- **Task statement**: For this exercise, print the listing below exactly, without its pictures.

- **Data shown**:

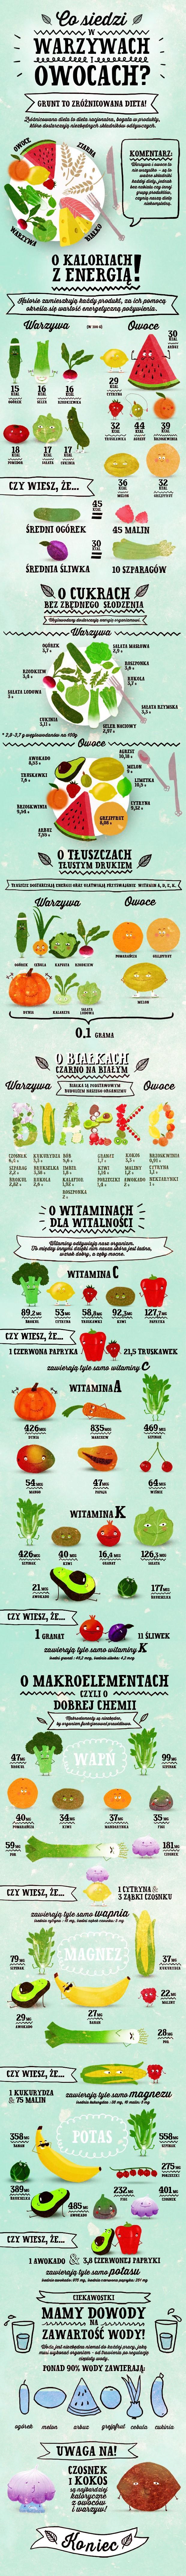 O Owocach I Warzywach Z Kuchni Lidla Na Healthy Food
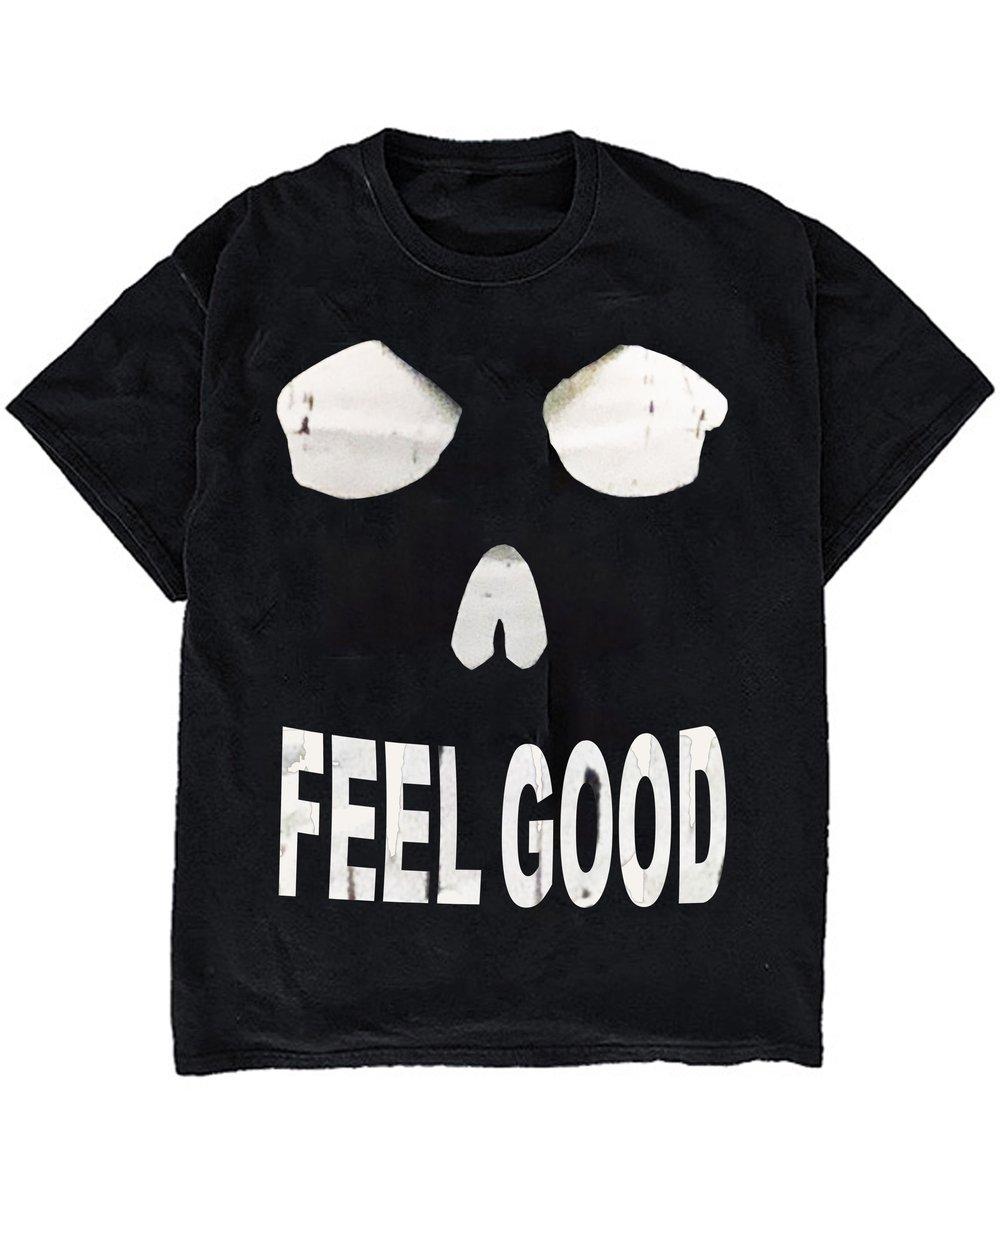 Image of FEEL GOOD TEE - BLACK
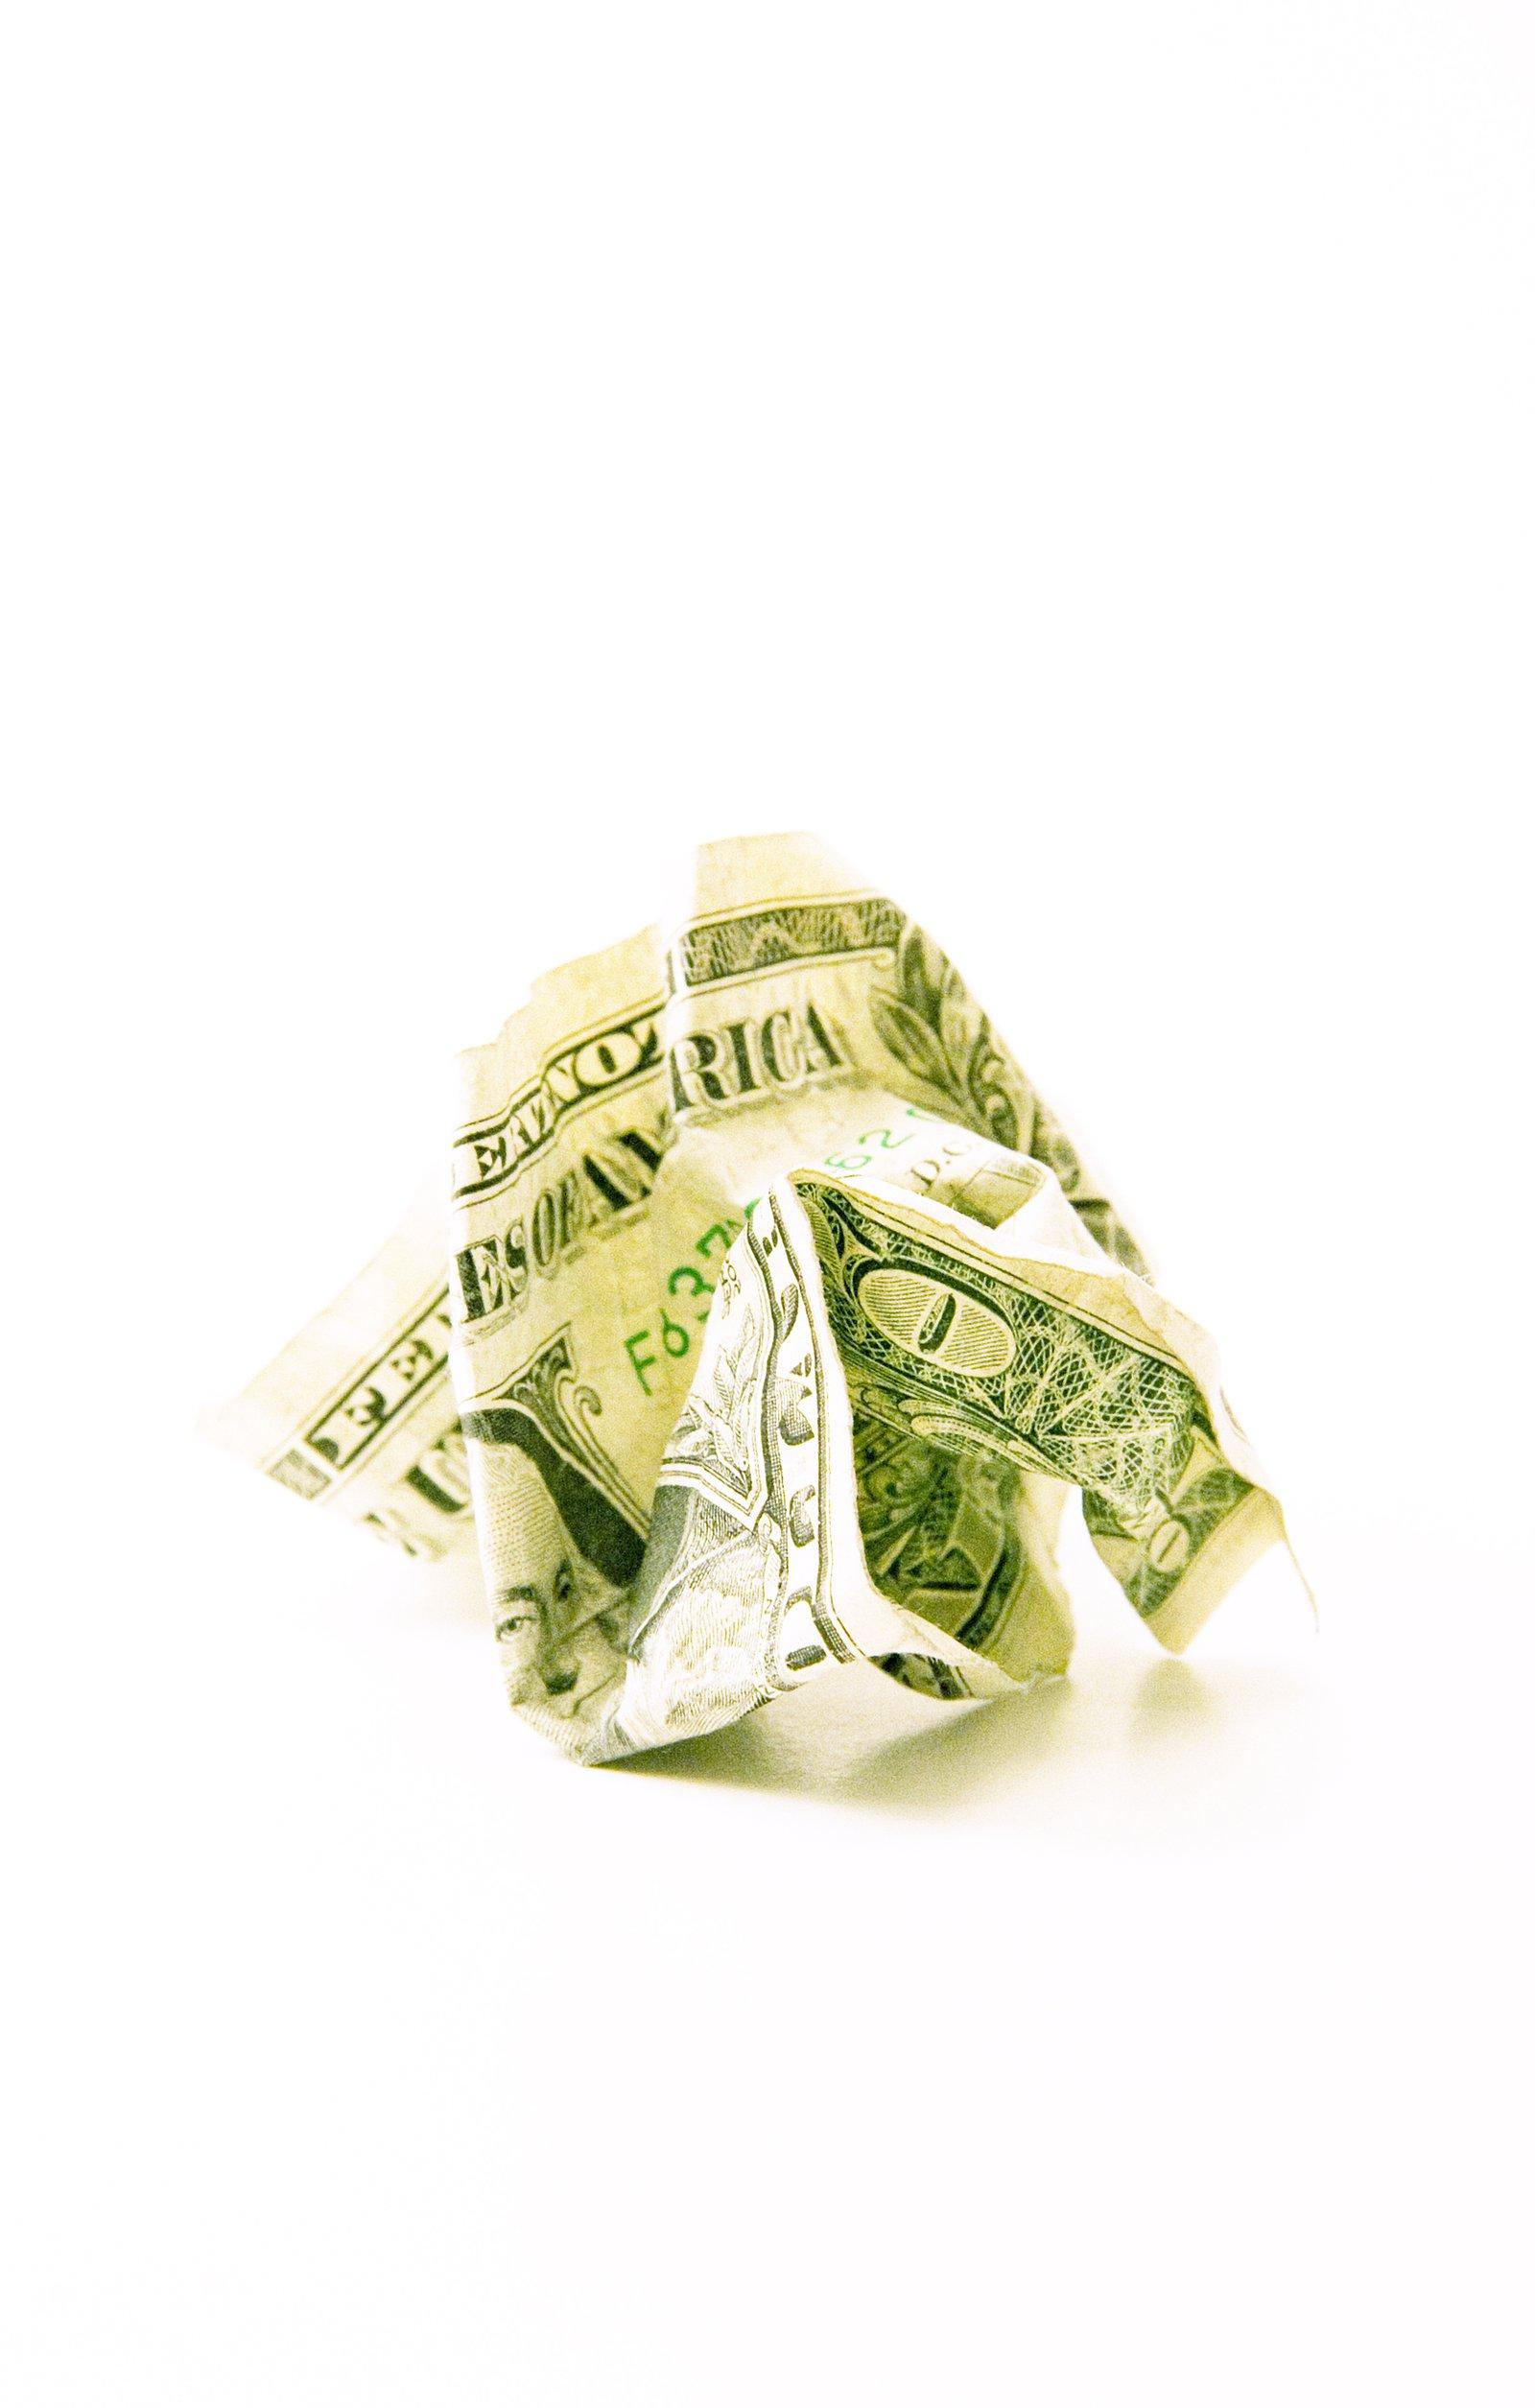 Crumpled Income.

- **Answer to this exercise**:
 O Owocach I Warzywach Z Kuchni Lidla Na Healthy Food
 Image of FEEL GOOD TEE - BLACK
 Crumpled Income.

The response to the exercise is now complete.